Consider the plane with equation \(4x - 2y - z = 1\) and the line given by the parametric equations

     \(x = 3 - 2\lambda \)

     \(y = (2k - 1) + \lambda \)

     \(z = - 1 + k\lambda .\)

Given that the line is perpendicular to the plane, find

(a)     the value of k;

(b)     the coordinates of the point of intersection of the line and the plane.

(a)     \(\boldsymbol{a} = \left( {\begin{array}{*{20}{c}}
  4 \\
  { - 2} \\
  { - 1}
\end{array}} \right) \bot \) to the plane     \(\boldsymbol{e} = \left( {\begin{array}{*{20}{c}}
  { - 2} \\
  1 \\
  k
\end{array}} \right)\) is parallel to the line     (A1)(A1)

Note: Award A1 for each correct vector written down, even if not identified.

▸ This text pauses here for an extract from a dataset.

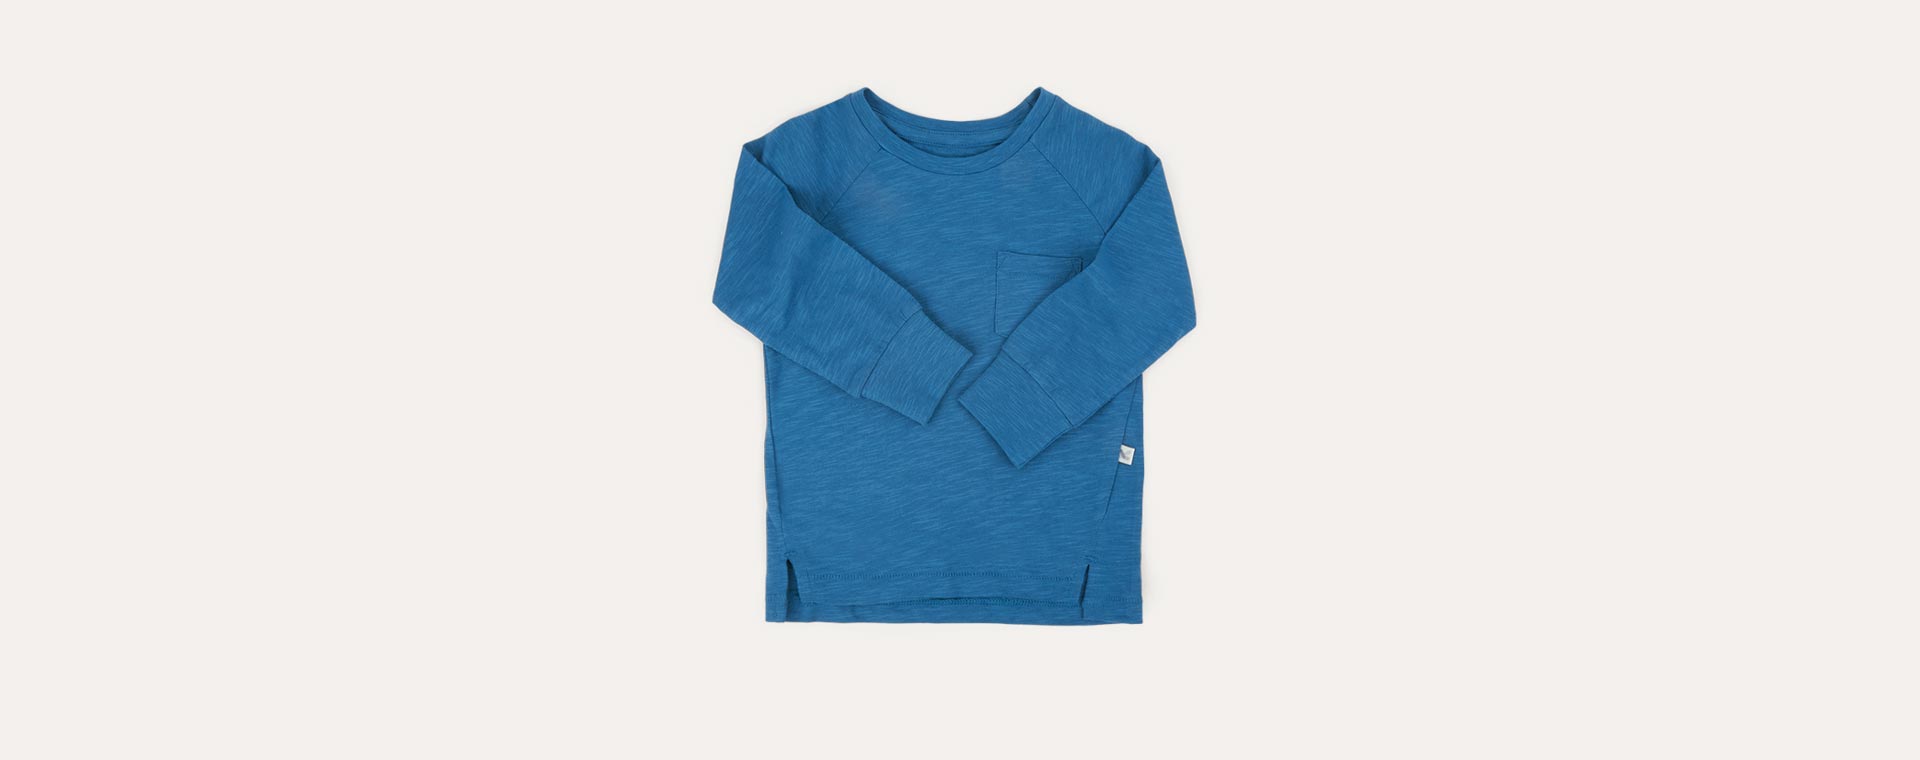 Cadet Blue KIDLY Label Perfect Long Sleeve Tee

line \( \bot \) plane \( \Rightarrow \) \(\boldsymbol{e}\) parallel to \(\boldsymbol{a}\)

since \(\left( {\begin{array}{*{20}{c}}
  4 \\
  { - 2} \\
  { - 1}
\end{array}} \right) = t\left( {\begin{array}{*{20}{c}}
  { - 2} \\
  1 \\
  k
\end{array}} \right) \Rightarrow k = \frac{1}{2}\)     (M1)A1

(b)     \(4(3 - 2\lambda ) - 2\lambda - \left( { - 1 + \frac{1}{2}\lambda } \right) = 1\)     (M1)(A1)

Note: FT their value of k as far as possible.

\(\lambda = \frac{8}{7}\)     A1

\({\text{P}}\left( {\frac{5}{7},\frac{8}{7}, - \frac{3}{7}} \right)\)     A1

[8 marks]

Solutions to this question were often disappointing. In (a), some candidates found the value of k, incorrectly, by taking the scalar product of the normal vector to the plane and the direction of the line. Such candidates benefitted partially from follow through in (b) but not fully because their line turned out to be parallel to the plane and did not intersect it.